There are several advantages of using this transfection method. When performing transfection in vitro this method provides a quick and easy way to introduce DNA into cells. The incubation time of the DNA-nanoparticle complexes with the cells is greatly reduced (from standard 2-4 hours to 15 minutes) with a vast increase in vector concentration at the cell surface as the consequence. This in turn means that the vector dose needed for yielding a satisfying transfection level also can be reduced 124-126. Further, since these magnetic particles do not rely on receptors or other cell membrane bound proteins for cell uptake, it is possible to transfect cells that normally are non permissive 124. Importantly, the magnetofection method in combination with a standard lipid transfection reagent has been shown to successfully deliver AS-ODN to primary human umbilical vein endothelial cells (HUVEC), which are known to be transfected with difficulties, with transfection efficiencies of over 80%. Furthermore, this was associated with a low cellular toxicity 125.
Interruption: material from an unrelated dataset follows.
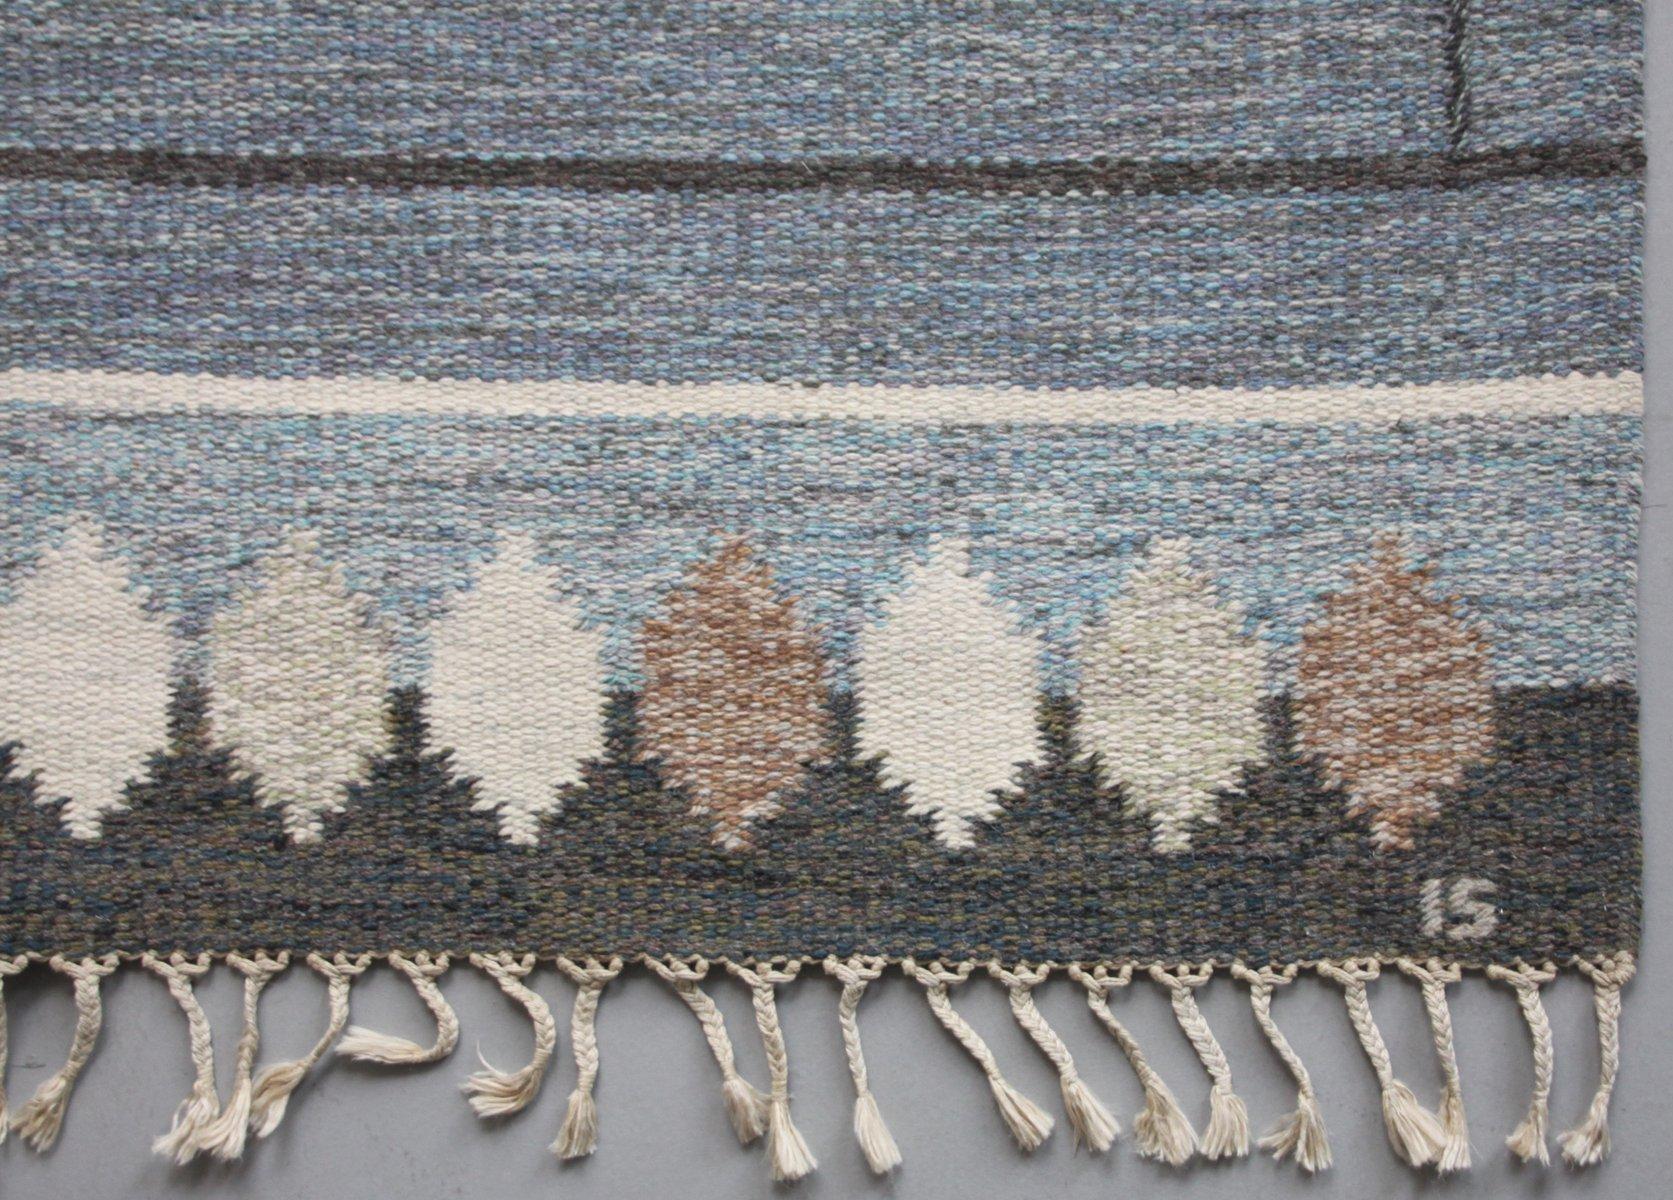 schwedischer grauer r lakan flachgewebe teppich von ingegerd silow bei pamono kaufen. Black Bedroom Furniture Sets. Home Design Ideas

The possibility of directing the transfection towards a specific area using an external magnetic field gives this approach many advantages for in vivo use 124,125,127. Combining drugs with nanoparticles would reduce systemic side effects and yield a higher concentration of the drug at the target site 127. Administration of a lower amount of the drug would also probably be sufficient (as for the in vitro situation), further reducing systemic side effects. Experiments of delivering anti tumour agents in this way have already been performed successfully in humans 128.